● Exercise material:
+--

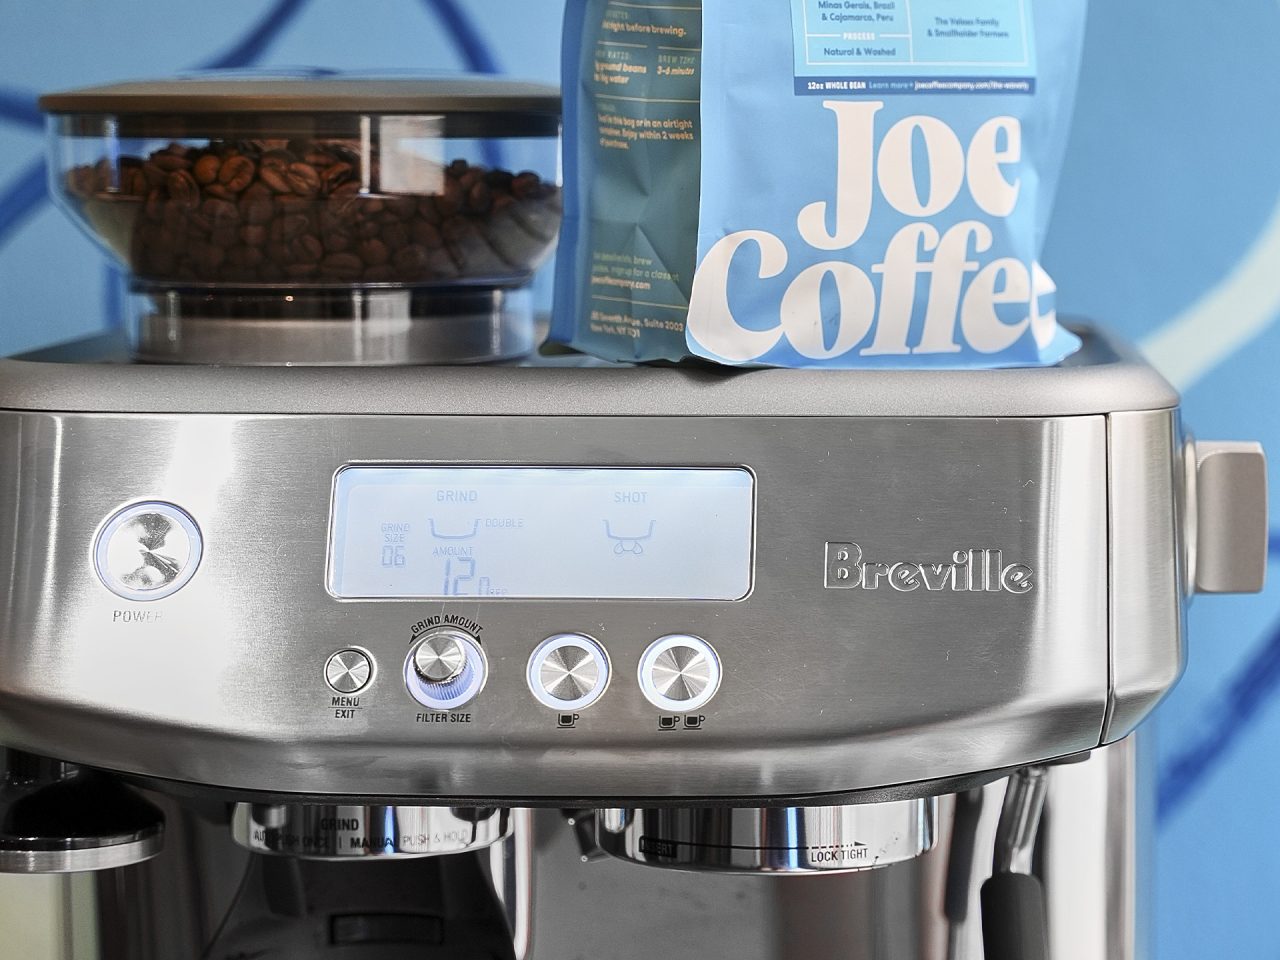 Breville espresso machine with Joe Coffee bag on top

+--

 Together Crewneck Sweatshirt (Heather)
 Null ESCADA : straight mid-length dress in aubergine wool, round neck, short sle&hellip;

+--

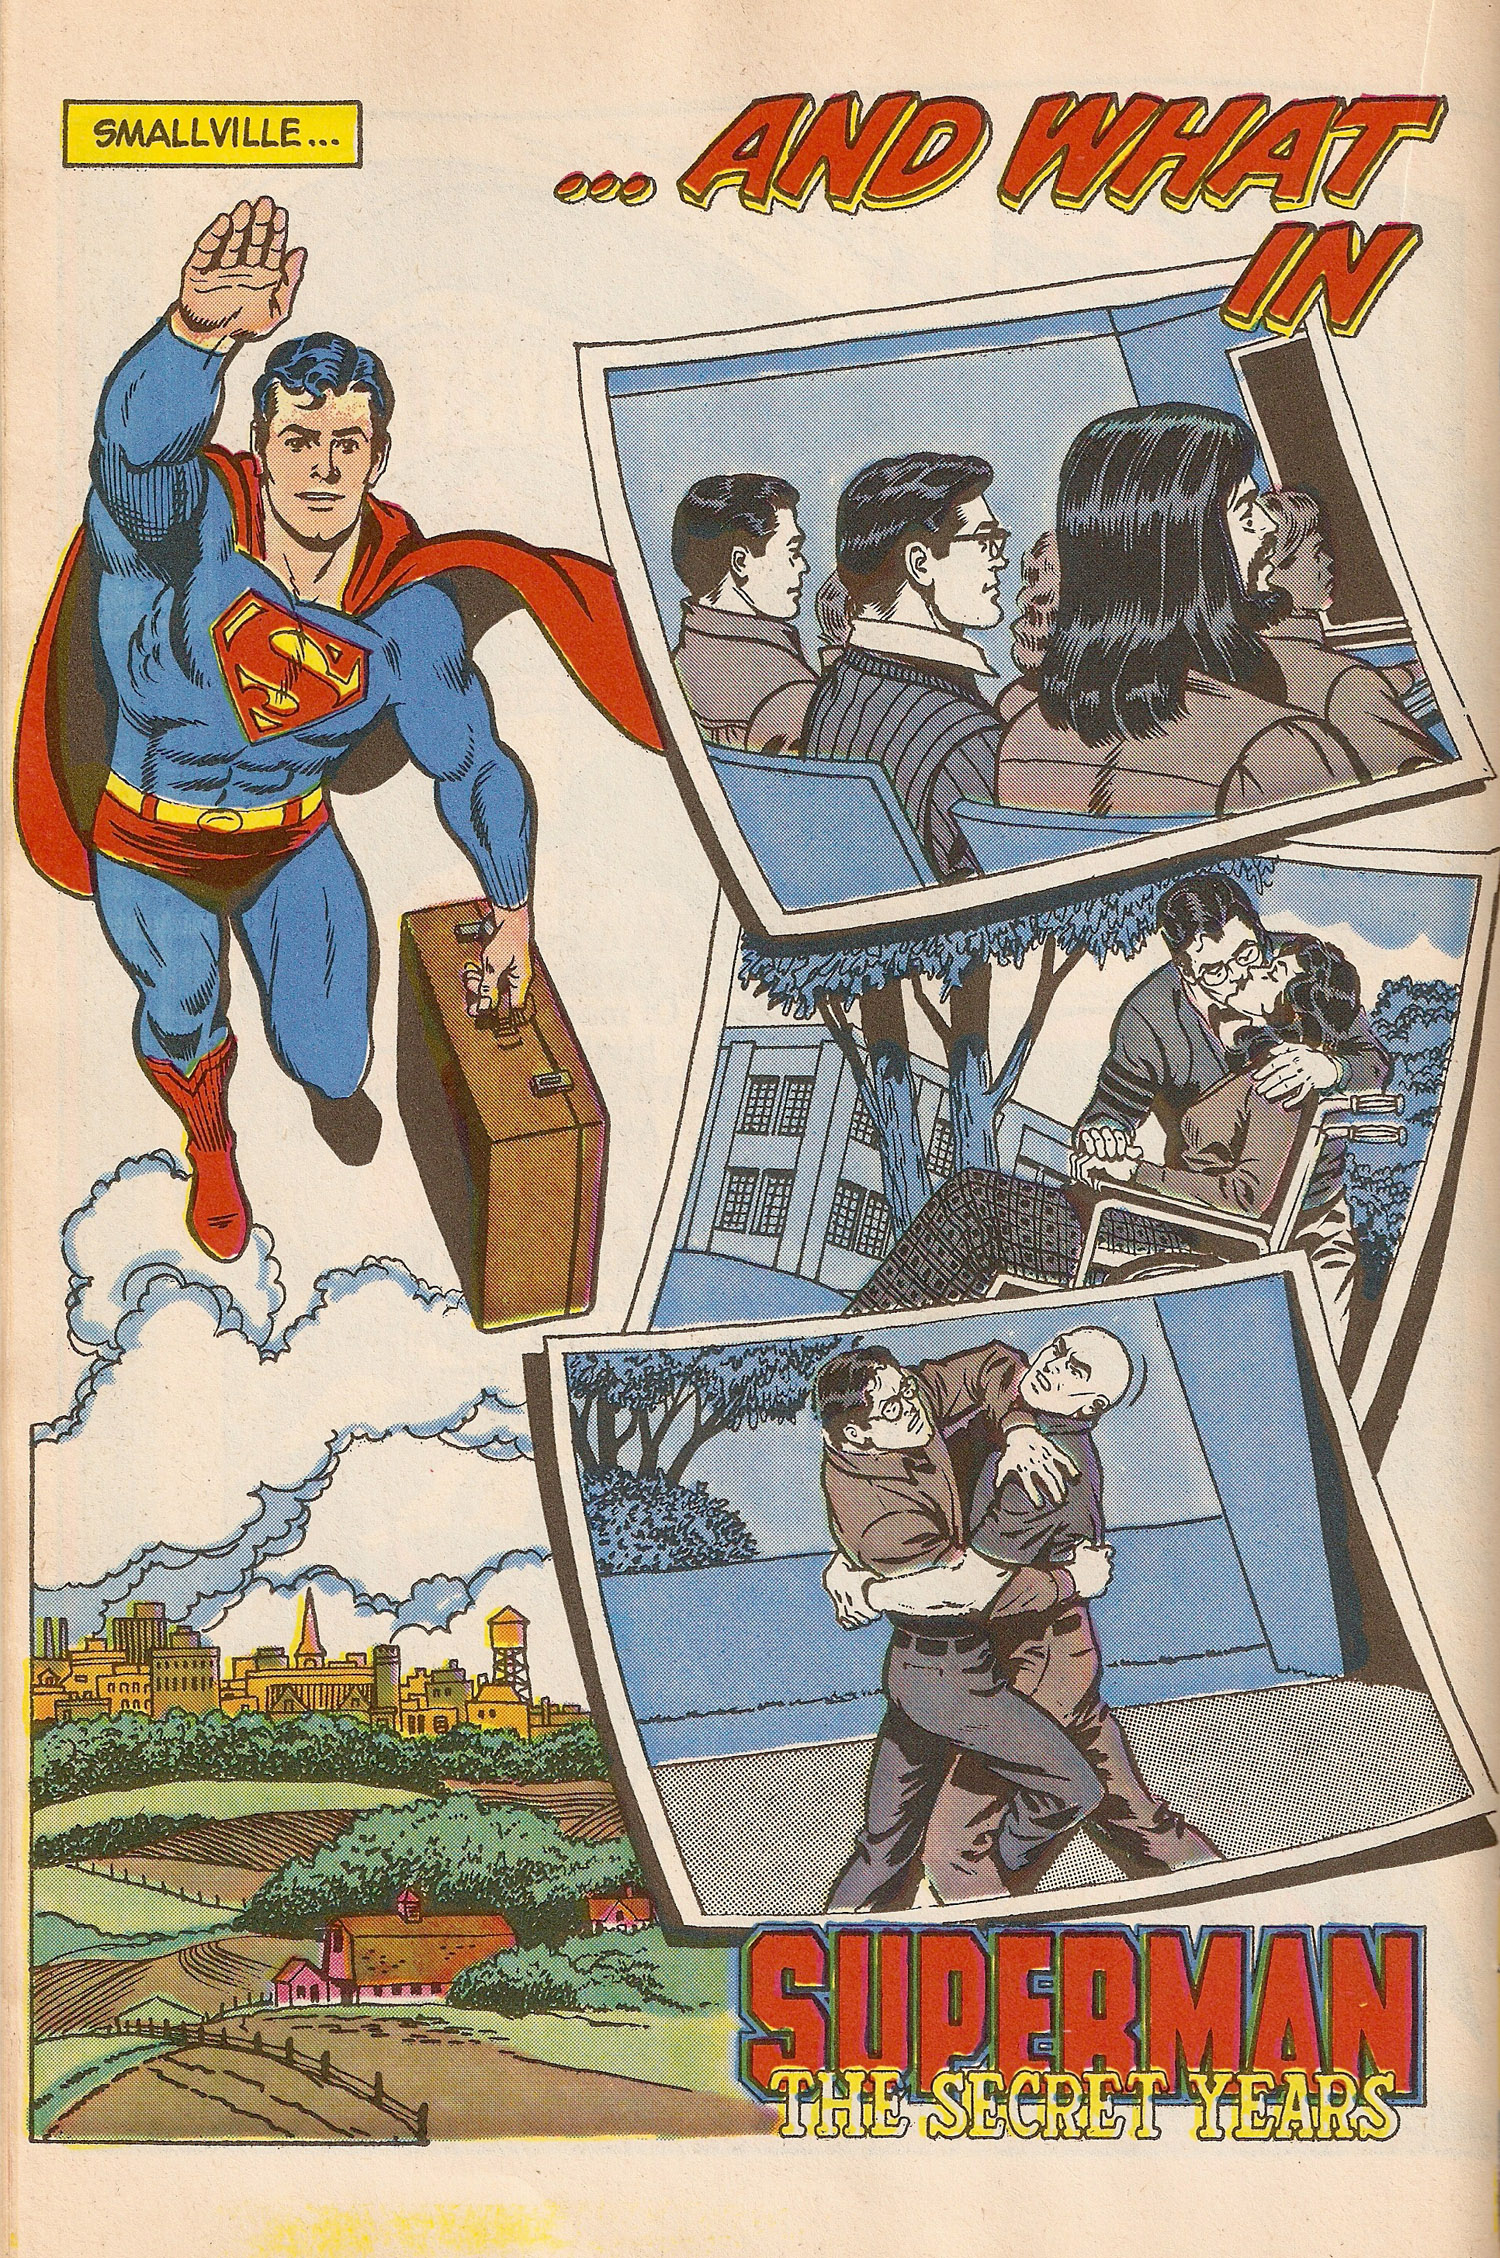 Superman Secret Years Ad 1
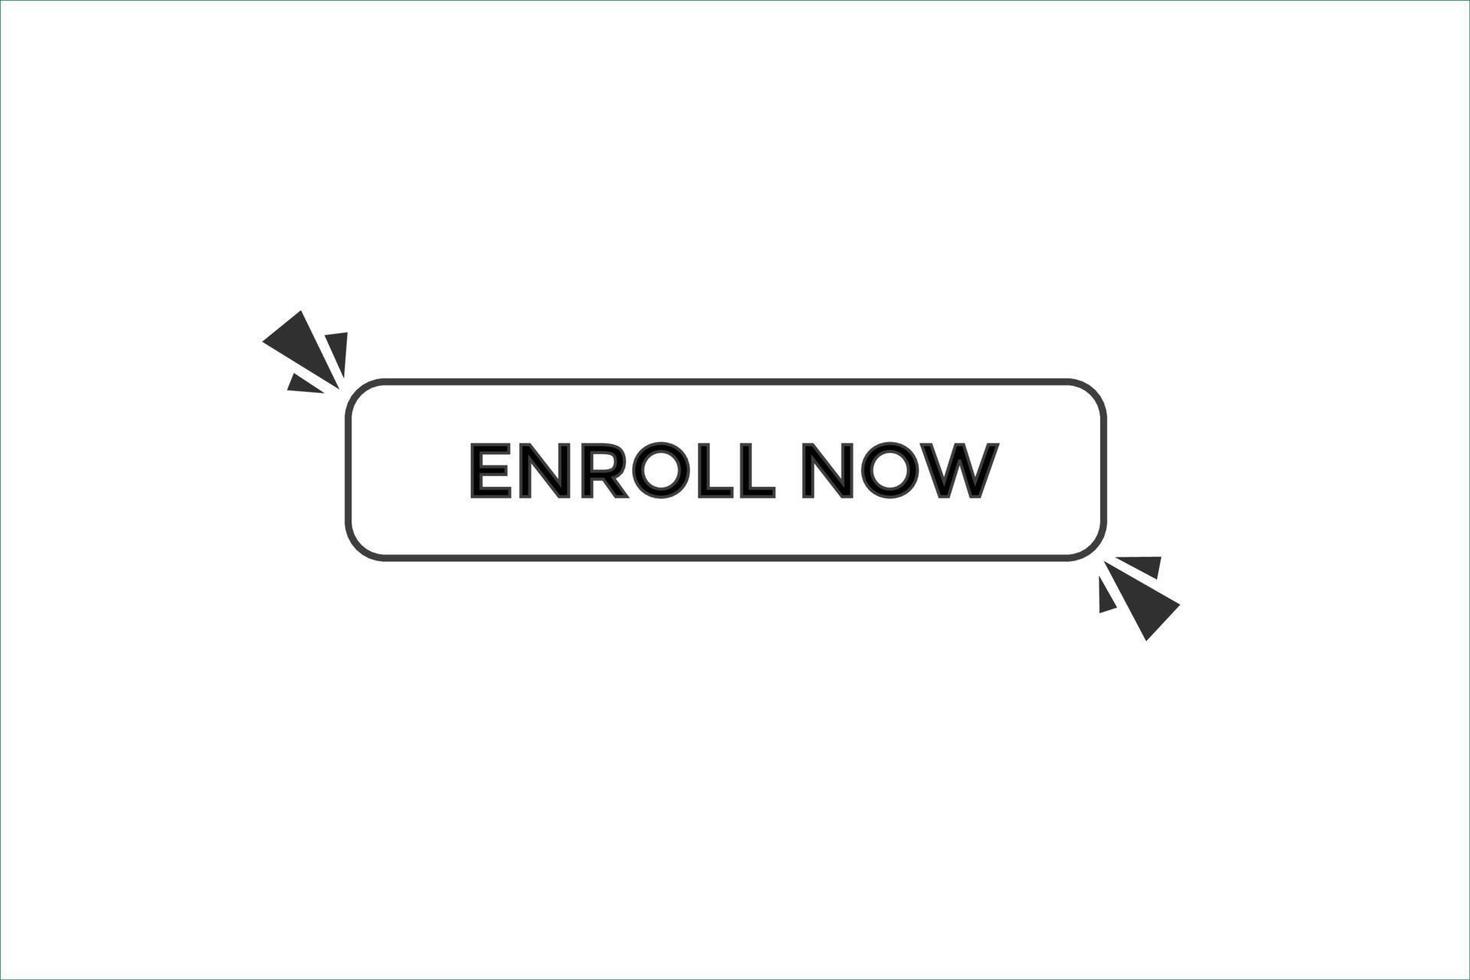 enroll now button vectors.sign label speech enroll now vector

+--

● Work request: Only one stretch of the entries above is wanted: the lines from the one containing "Together Crewneck Sweatshirt (Heather)" through the one containing "Null ESCADA : straight". Please reproduce it exactly.

● Answer for the task:
 Together Crewneck Sweatshirt (Heather)
 Null ESCADA : straight mid-length dress in aubergine wool, round neck, short sle&hellip;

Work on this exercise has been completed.